On the other hand, these same civil libertarians criticize judges who practice preventive detention, which is considered an unconstitutional imprisonment without trial, based on the presumption of guilt. Critics claim judges cannot predict who will commit a crime in the future while free before trial.

Experienced court officials believe they can apply logical conclusions based on their experiences — but they admit there is no science to their predictions.

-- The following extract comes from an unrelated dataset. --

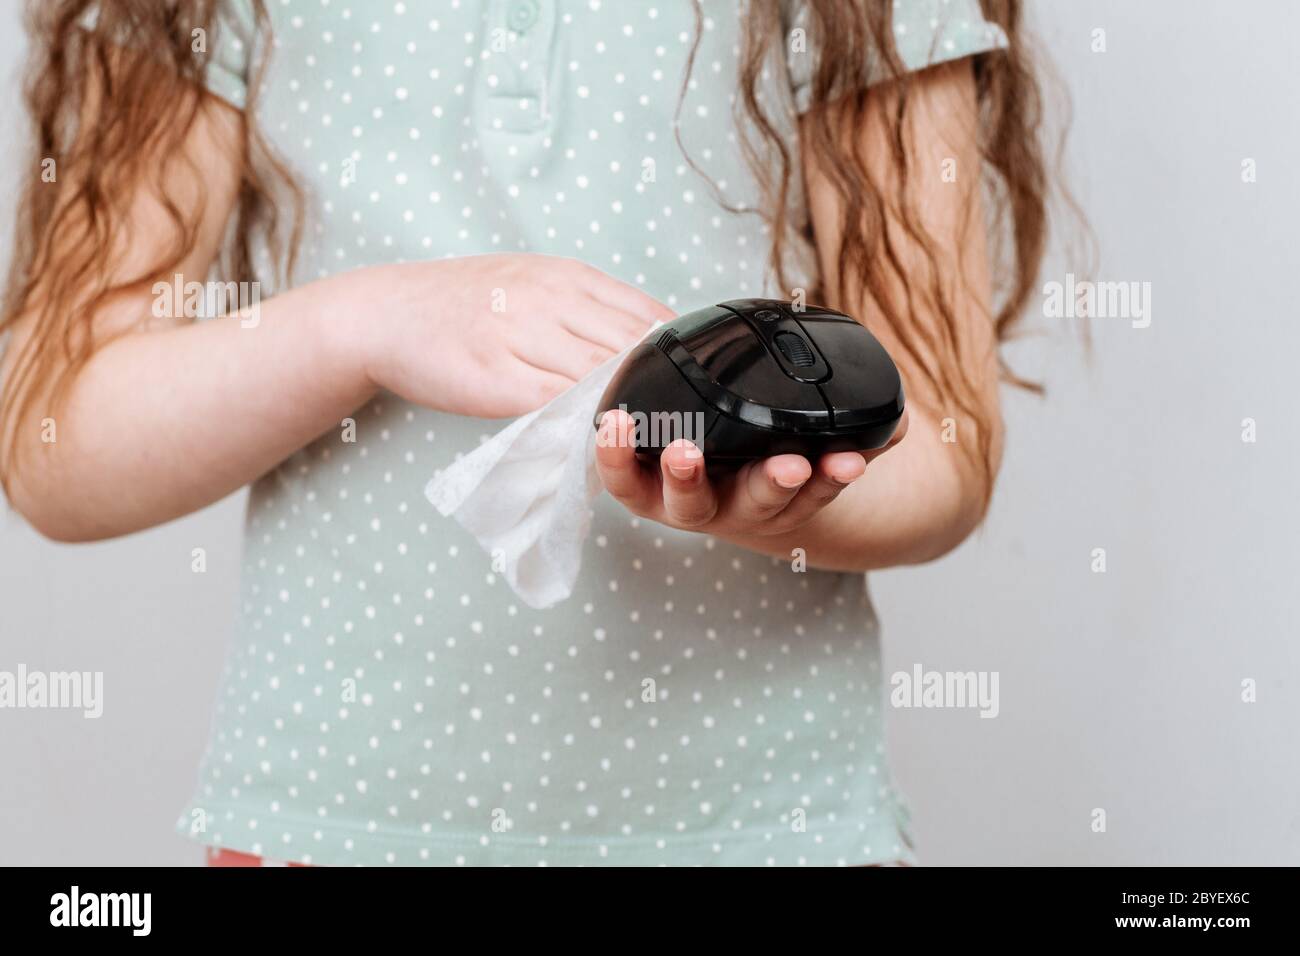 Une fille essuye une souris d'ordinateur avec un chiffon désinfectant. Combattre les virus et les bactéries pendant une pandémie Banque D'Images

What is needed are procedures whereby no defendant is jailed solely because he or she hasn’t the money for bail, and procedures whereby, based on open adversarial hearings, dangerous defendants can be detained — under decent conditions and for abbreviated times — based on reasonable predictive standards. Because truly dangerous defendants with resources can afford bail, and are released to commit further crimes, many judges practice preventive detention sub rosa by setting bail high enough to preclude defendants from making bail.  It would be fairer to do it above board and with clear limitations and protections.

Studies have shown that the cost of jailing defendants pretrial are greater than costs of community-based programs on economic grounds.

After the National Bail Conference sponsored by the Kennedy Justice Department, a federal law was signed by Lyndon Baines Johnson. The hope was that it would be a national model and the paradoxes of the bail laws would be cured. I have my pen and photo to memorialize that moving event. But the paradox continues. The problems persist. The costs — human and economic — remain manifest. One wonders: what does it take to bring about the rational reforms Chief Judge Lippman has asked for?

Ronald Goldfarb is a Washington, D.C., attorney and author. His award-winning book on bail reform, Ransom: A Critique of the American Bail System, was introduced by Supreme Court Justice Arthur Goldberg and further described in his New York Times Magazine article “A Brief for Preventive Detention” (March 1, 1970).